5.2.4 Control of body temperature

Students should:

  • Know that body temperature is monitored and controlled by the thermoregulatory centre in the brain that contains receptors sensitive to the temperature of the blood.
  • Know that the skin contains temperature receptors and sends nervous impulses to the thermoregulatory centre.
  • Know that if the body temperature is too high, blood vessels dilate (vasodilation) and sweat is produced from the sweat glands.

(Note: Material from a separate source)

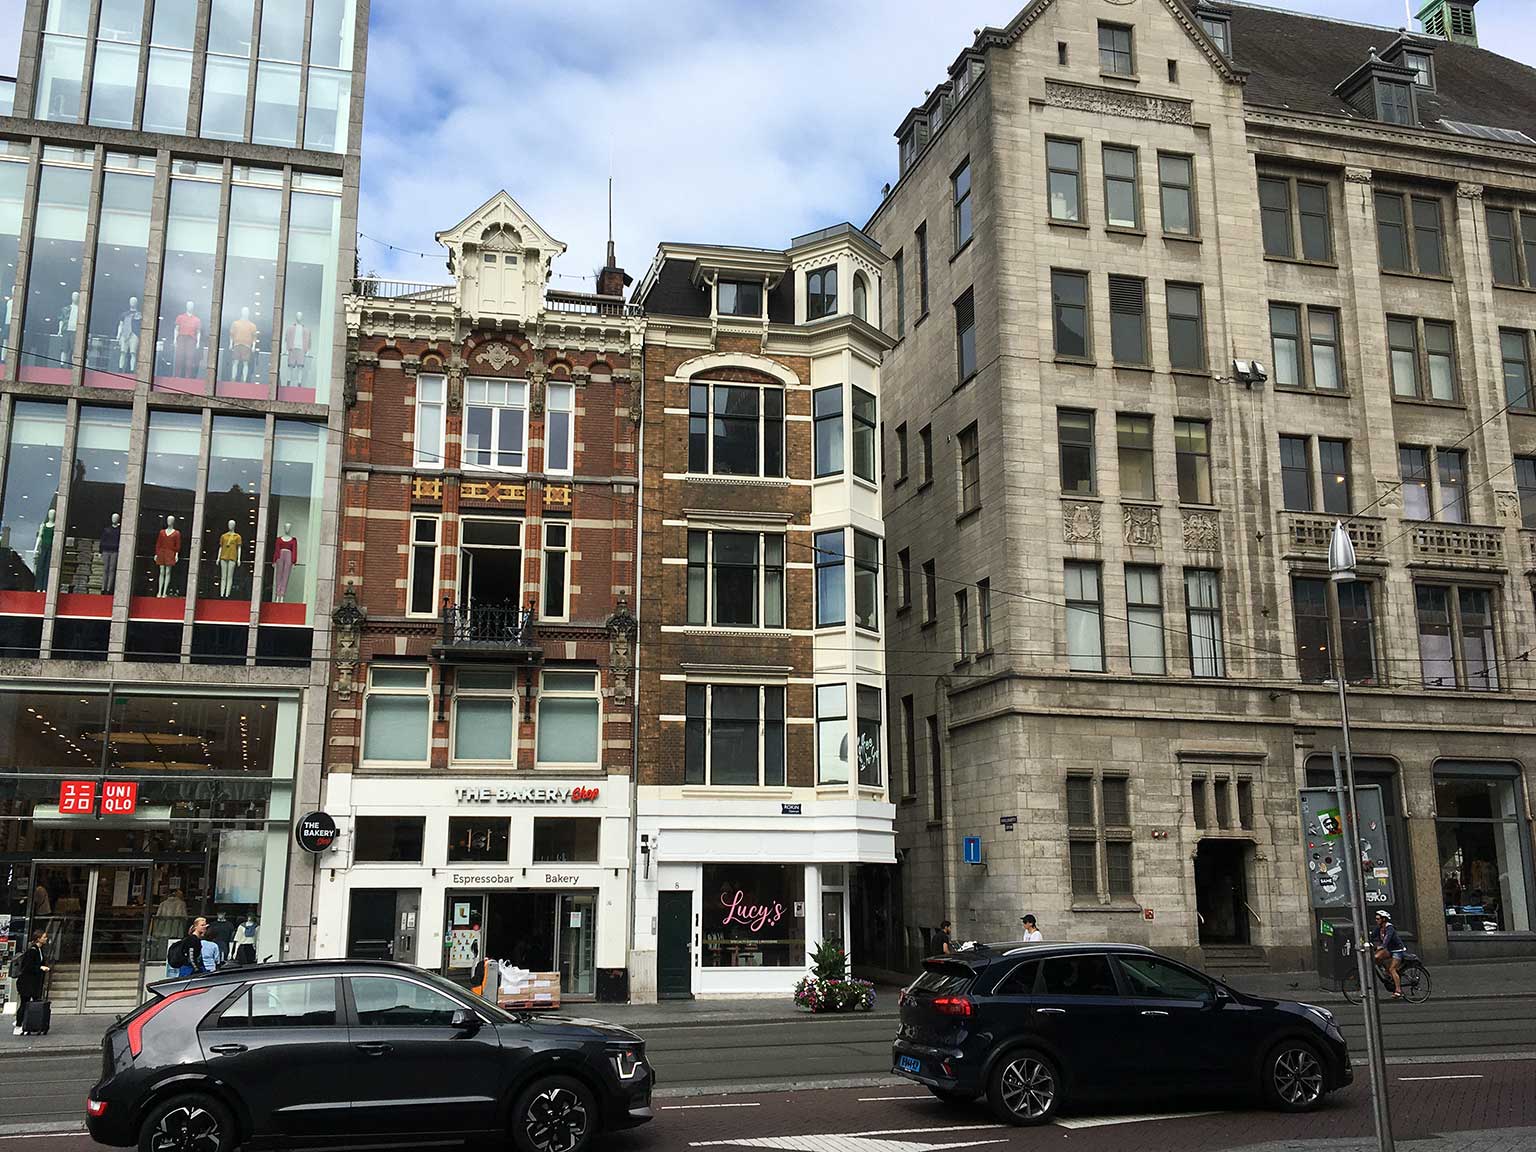 From right to left: Peek & Cloppenburg, Kromelleboogsteeg, Rokin 8, Rokin 10, Amsterdam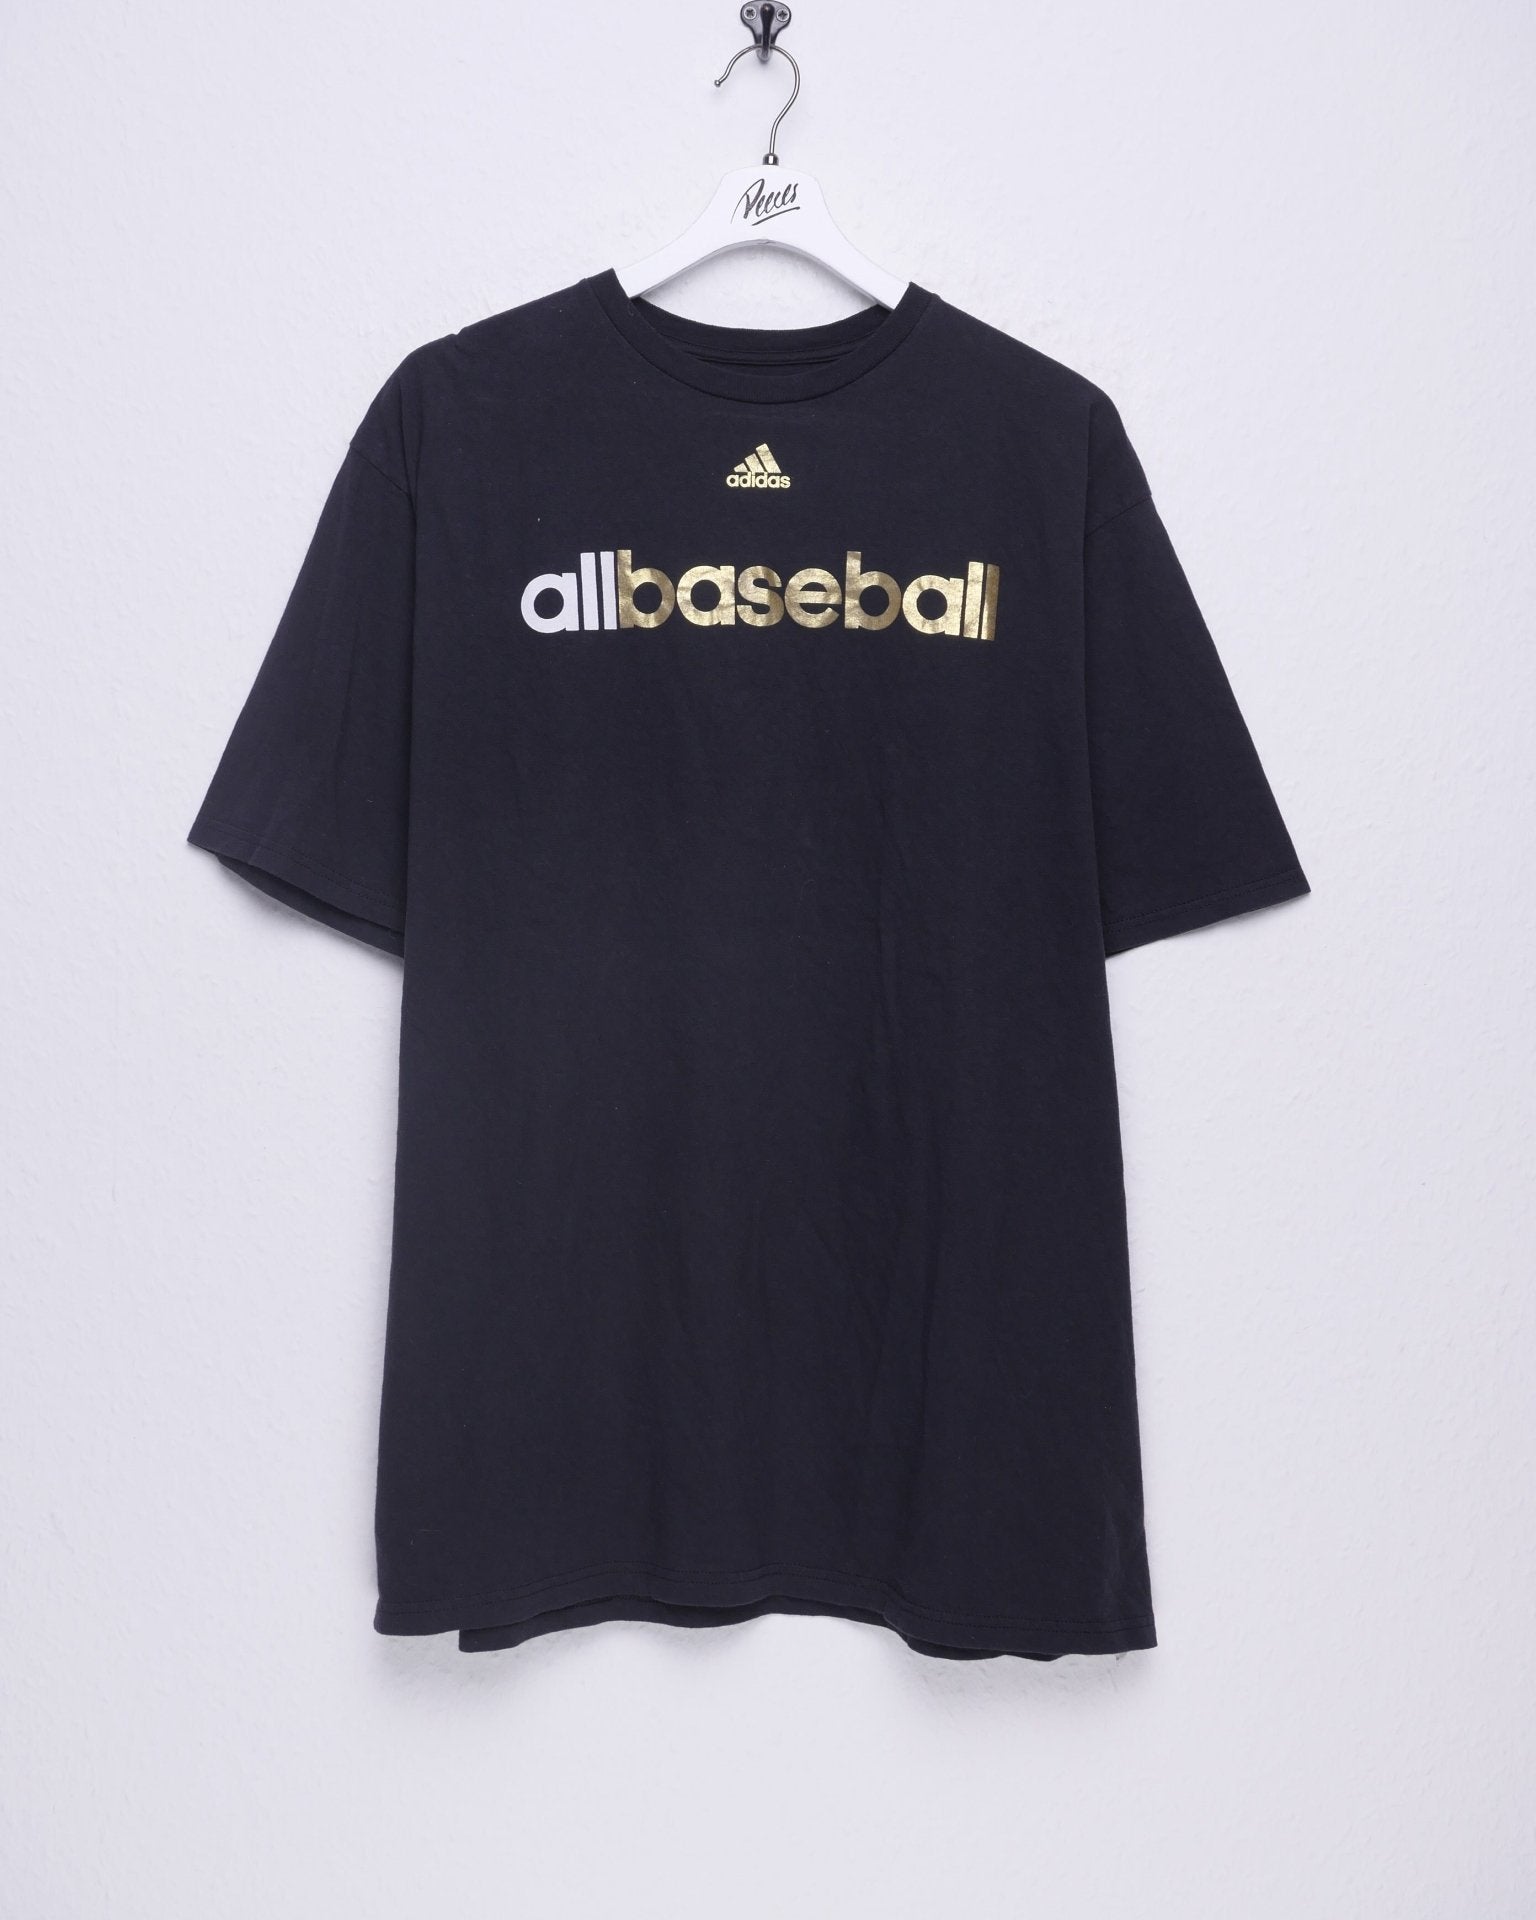 Adidas 'all baseball' printed Logo black Shirt - Peeces

Both these mechanisms cause a transfer of energy from the skin to the environment.
  • Know that if the body temperature is too low, blood vessels constrict (vasoconstriction), sweating stops and skeletal muscles contract (shiver).Be able to explain how thermoregulatory mechanisms lower or raise body temperature in a given context. (HT only)

Required practical 7: Plan and carry out an investigation into the effect of a factor on human reaction time.